The phenotype–genotype association test was carried out on ~ 460,000 samples and ~ 5.26 million SNPs from UK Biobank data after quality control. The genomic inflation factor (λgc) from LDSC for RHR and HBP were 1.8405 [LDSC intercept: 1.1256, standard error (SE): 0.0502; Additional file 3: Figure S1] and 1.7648 (LDSC intercept: 1.1061, SE: 0.0244; Additional file 3: Figure S2), respectively; these values suggest that much of the inflation is due to polygenic inheritance [38]. Estimates of SNP-based heritability on the observed scale using GWAS summary statistics were 20.11% (SE: 2.61%) for COPD, 15.19% (SE: 1.28%) for RHR, 12.80% (SE: 0.58%) for HBP, 6.71% (SE: 0.52%) for CAD, and 1.21% (SE: 0.14%) for stroke (Additional file 1: Table S2).

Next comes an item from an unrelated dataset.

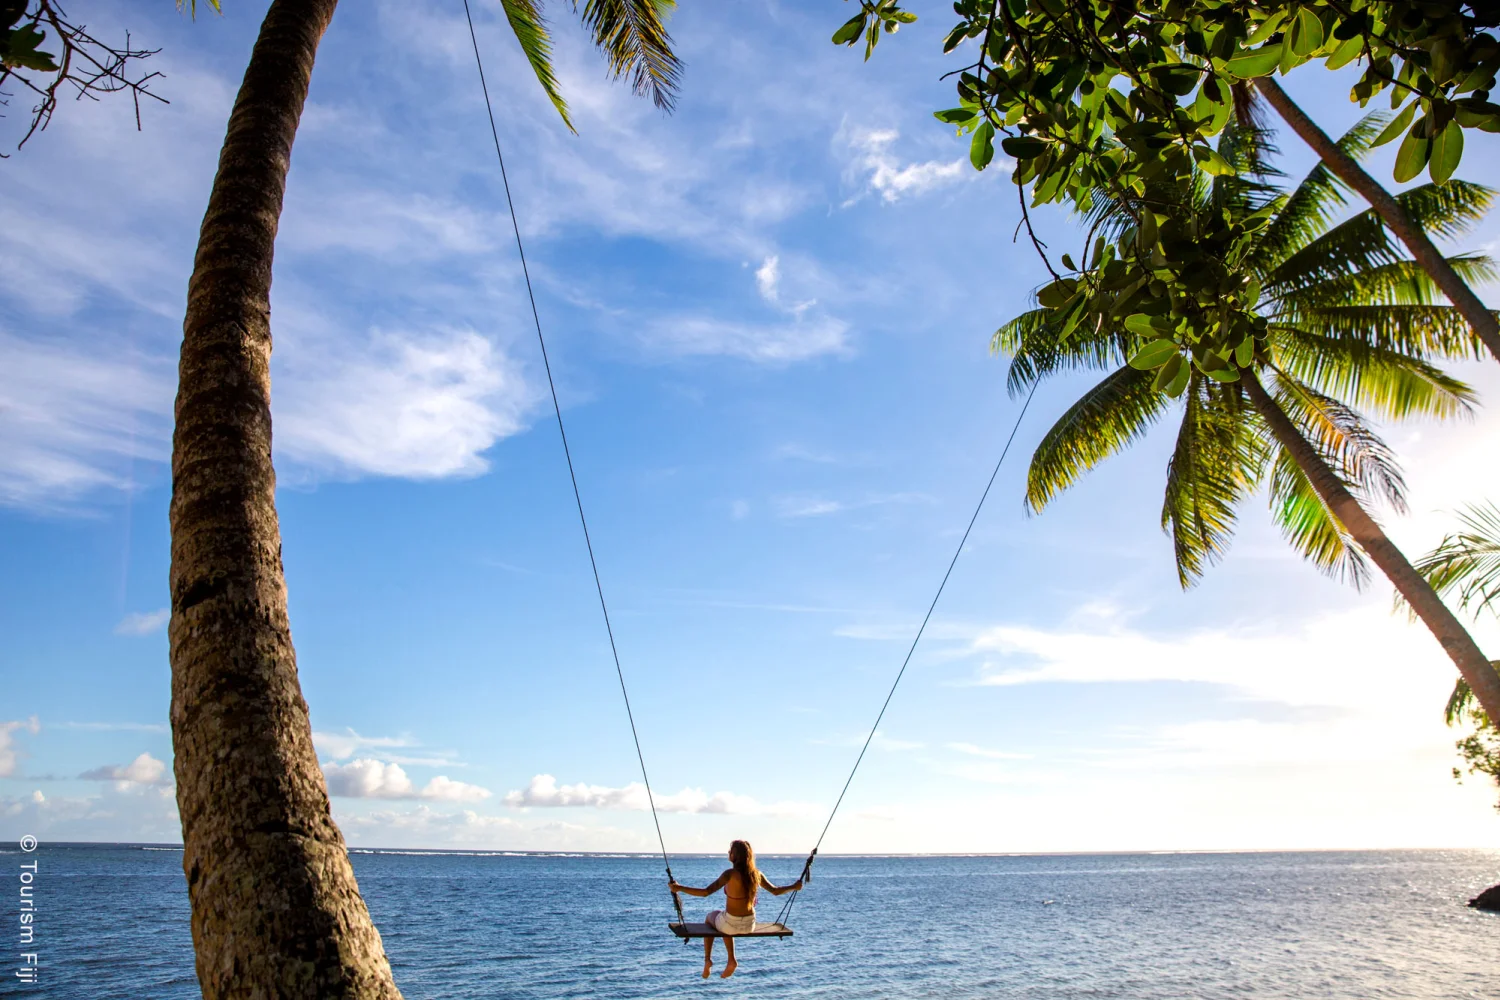 Fiji - Coral Coast - Beach Swing

Genome-wide genetic correlation

We evaluated the genetic correlation of COPD and cardiac traits using cross-trait LDSC. Nominally significant genetic correlation with COPD was found for both RHR (Rg = 0.0722; P = 0.0434) and HBP (Rg = 0.0751; P = 0.0467) (Table 1). Genetic correlation for COPD and CAD was approximately 10%, but this value did not reach statistical significance; we did not observe significant genetic correlation between COPD and stroke (Table 1), or additional blood pressure traits, such as systolic blood pressure, diastolic blood pressure (Additional file 1: Table S3). In addition, we did not find evidence of genetic correlation between COPD and ischemic stroke subtype or any CVD related metabolic traits (Additional file 1: Table S3).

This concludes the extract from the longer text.